- Marcel van Hattem chamou Davi Alcolumbre de omisso e cúmplice em vídeo postado no X na quarta-feira, 8 de abril de 2026.
- O deputado pediu a prorrogação da CPI do Crime Organizado, afirmando que a investigação está sendo tolhida por fins políticos.
- No vídeo, ele cita supostas informações envolvendo o Banco Master, o ministro do STF Alexandre de Moraes e o diretor-geral da Polícia Federal, Andrei Rodrigues, dizendo que uma viagem a Londres foi custeada pela PF.
- Van Hattem afirma que pretende renovar o Senado, com a eleição da nova presidência, além de abrir processos de impeachment contra ministros do STF; ele se colocou como pré-candidato.
- O material apresenta mais de 59 mil visualizações e reforça a defesa de mudanças na composição da Casa neste ano.
Marcel van Hattem, deputado federal pelo Novo (RS), chamou o presidente do Senado, Davi Alcolumbre, de omisso e cúmplice em uma publicação no perfil dele na rede social X, na quarta-feira, 8 de abril de 2026. A postagem continha um vídeo e já soma mais de 59 mil visualizações.
Na gravação, o parlamentar afirma que o Senado precisa de um presidente que não seja nem omisso nem cúmplice, citando Alcolumbre de forma direta. O conteúdo aborda, ainda, informações que o deputado alega envolver o Banco Master e o ministro do STF Alexandre de Moraes.
Van Hattem também menciona o diretor-geral da Polícia Federal, Andrei Rodrigues, afirmando que uma viagem a Londres teria sido financiada pela instituição financeira mencionada. A declaração ocorre em meio a críticas à decisão de não prorrogar a CPI do Crime Organizado neste ano eleitoral.
O deputado aponta a suposta influência política sobre investigações e critica decisões do STF, citando o ministro André Mendonça como responsável por dar continuidade às apurações. O tom é de cobrança institucional sobre o andamento de investigações.
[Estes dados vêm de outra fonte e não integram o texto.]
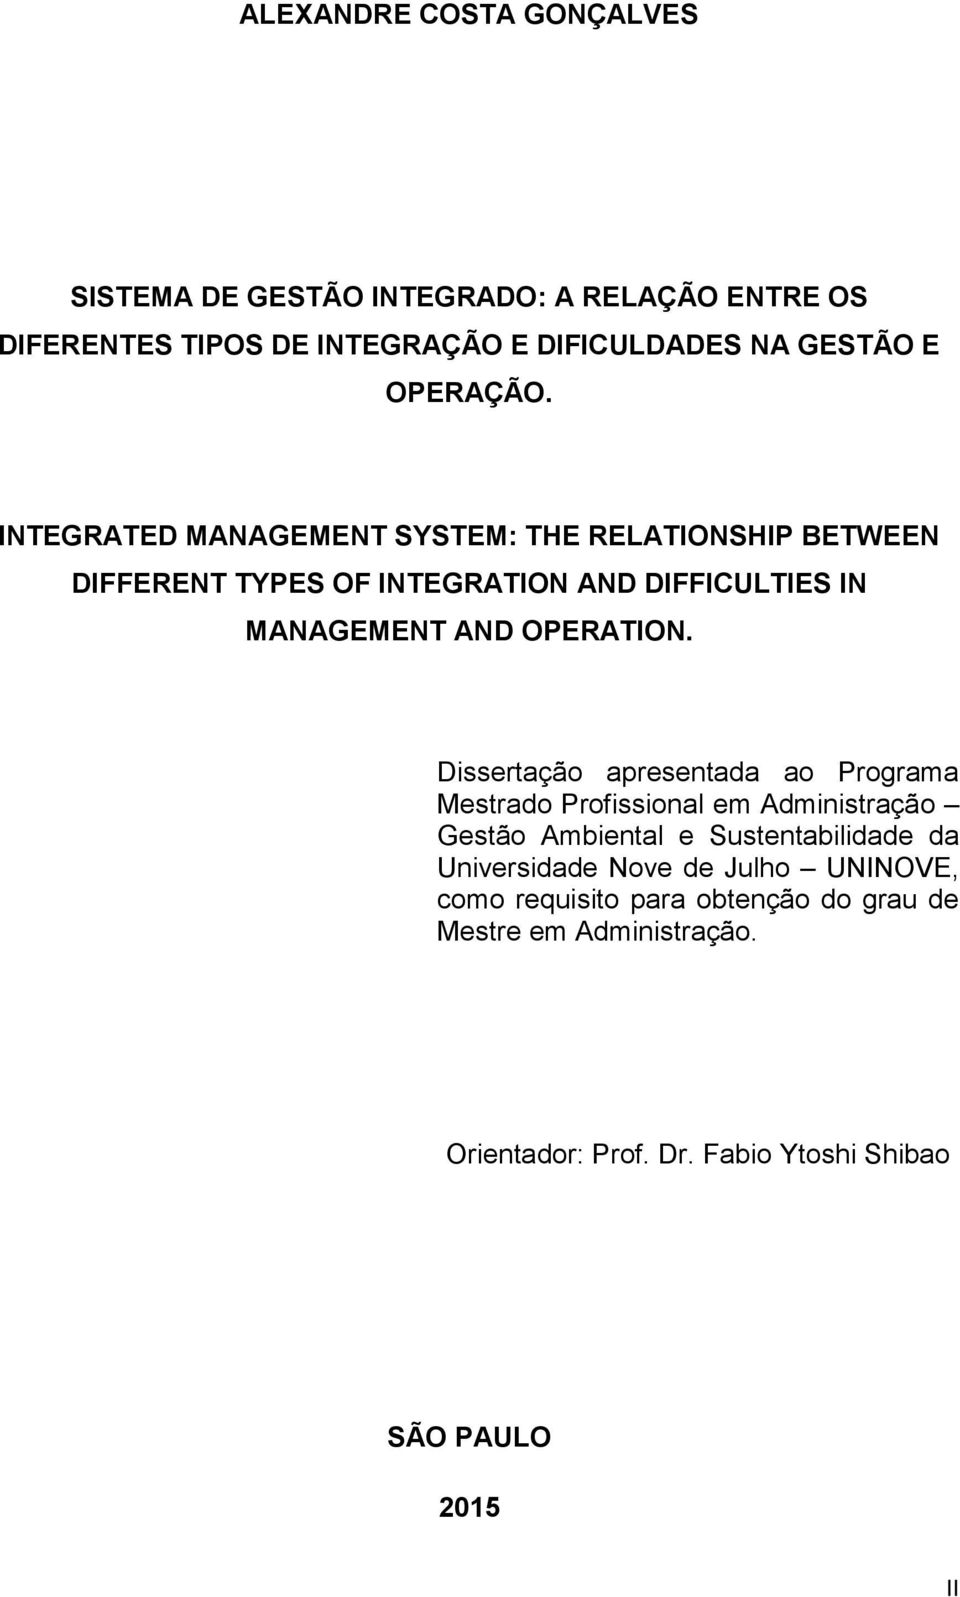 INTEGRATED MANAGEMENT SYSTEM: THE RELATIONSHIP BETWEEN DIFFERENT TYPES OF INTEGRATION AND DIFFICULTIES IN MANAGEMENT AND OPERATION.
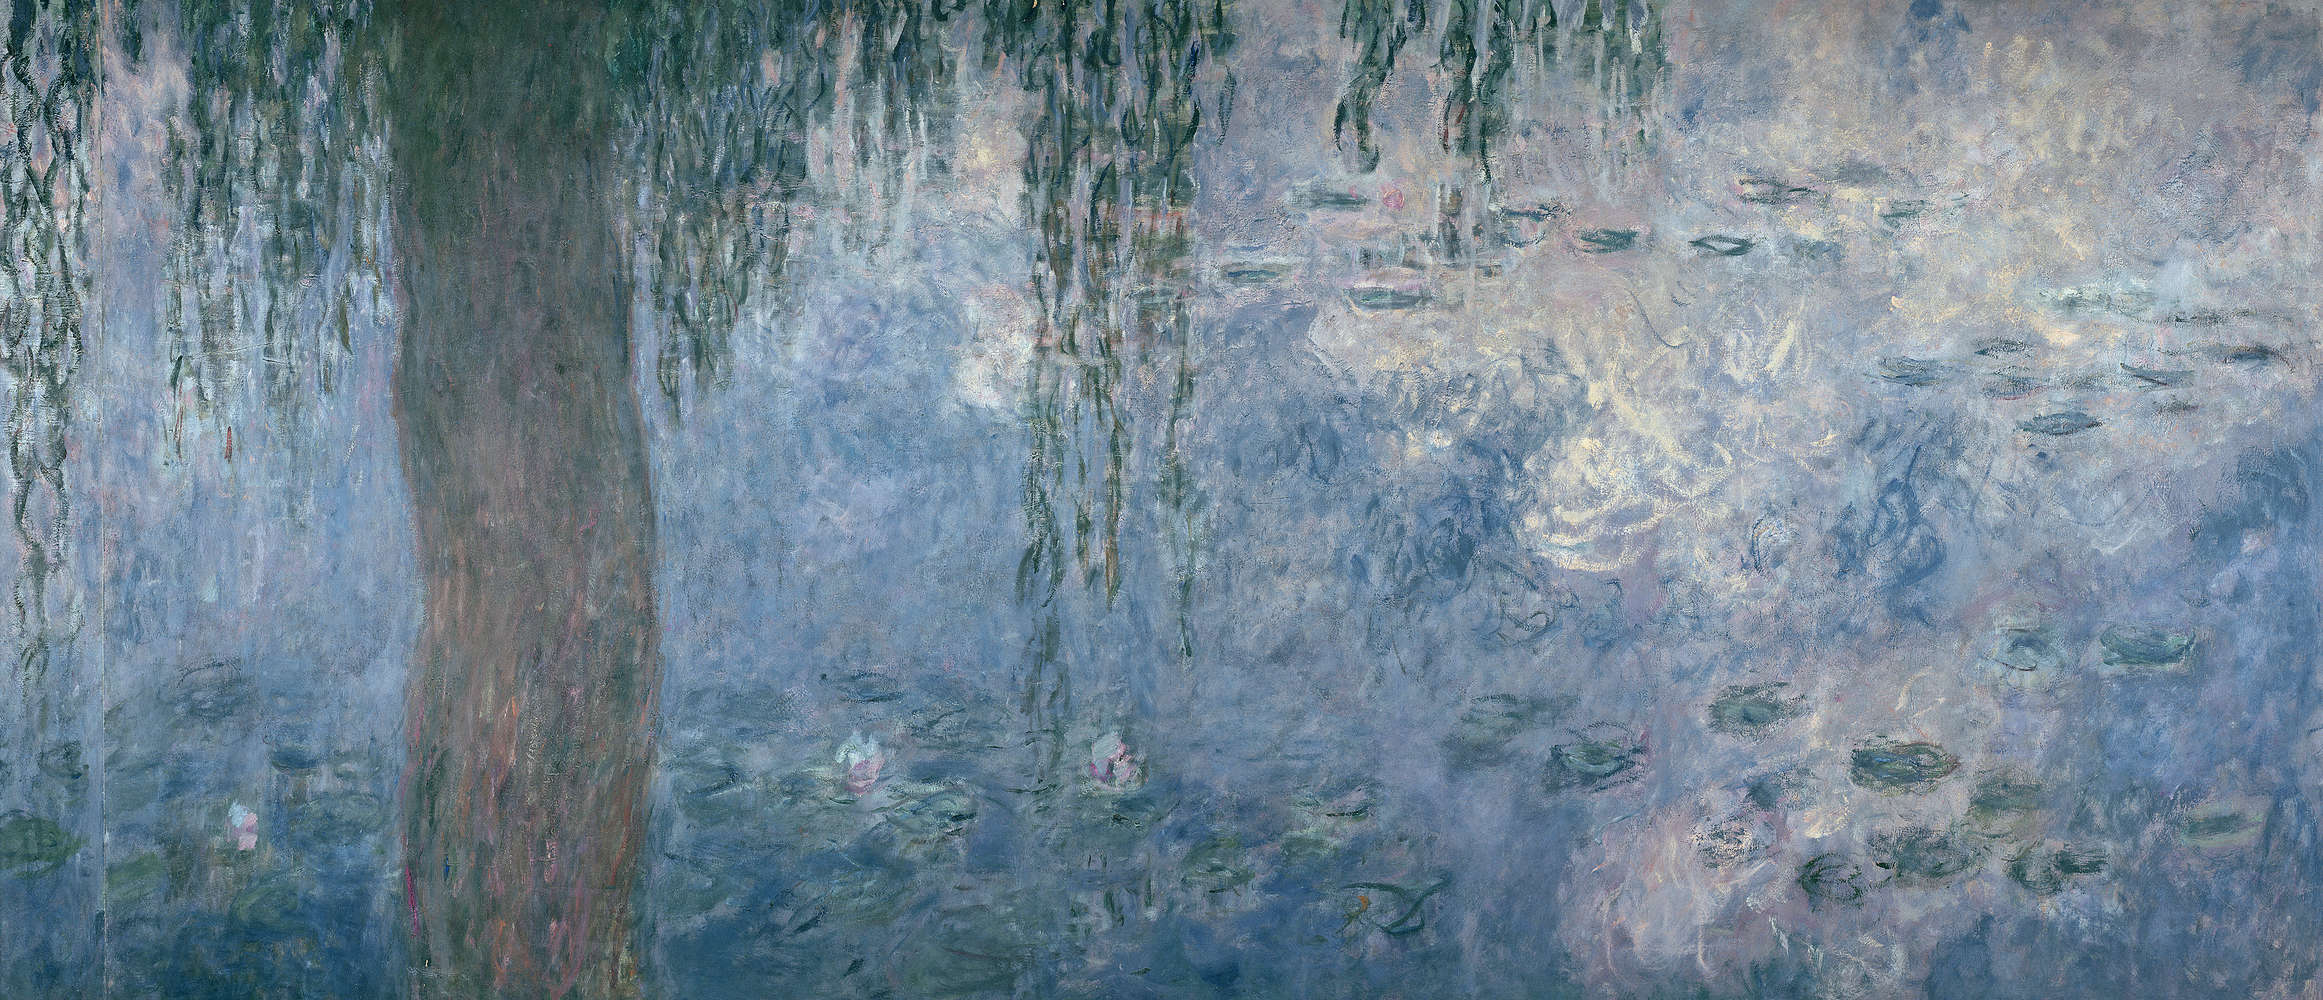             Photo wallpaper "Water lilies: morning with weeping willows" by Claude Monet

Em outro trecho, Van Hattem defende a renovação do Senado nas eleições de 2026, dizendo que a escolha dos senadores seria a mais importante para o país. O congressista afirmou ser pré-candidato e sinalizou interesse em mudanças na composição da Casa.
A publicação também abordou o tema da CPI do Crime Organizado, com o deputado afirmando que a comissão estaria sendo tolhida por fins políticos. Não houve confirmação oficial sobre a extensão ou prorrogação da CPI por parte de autoridades da Câmara ou do Senado.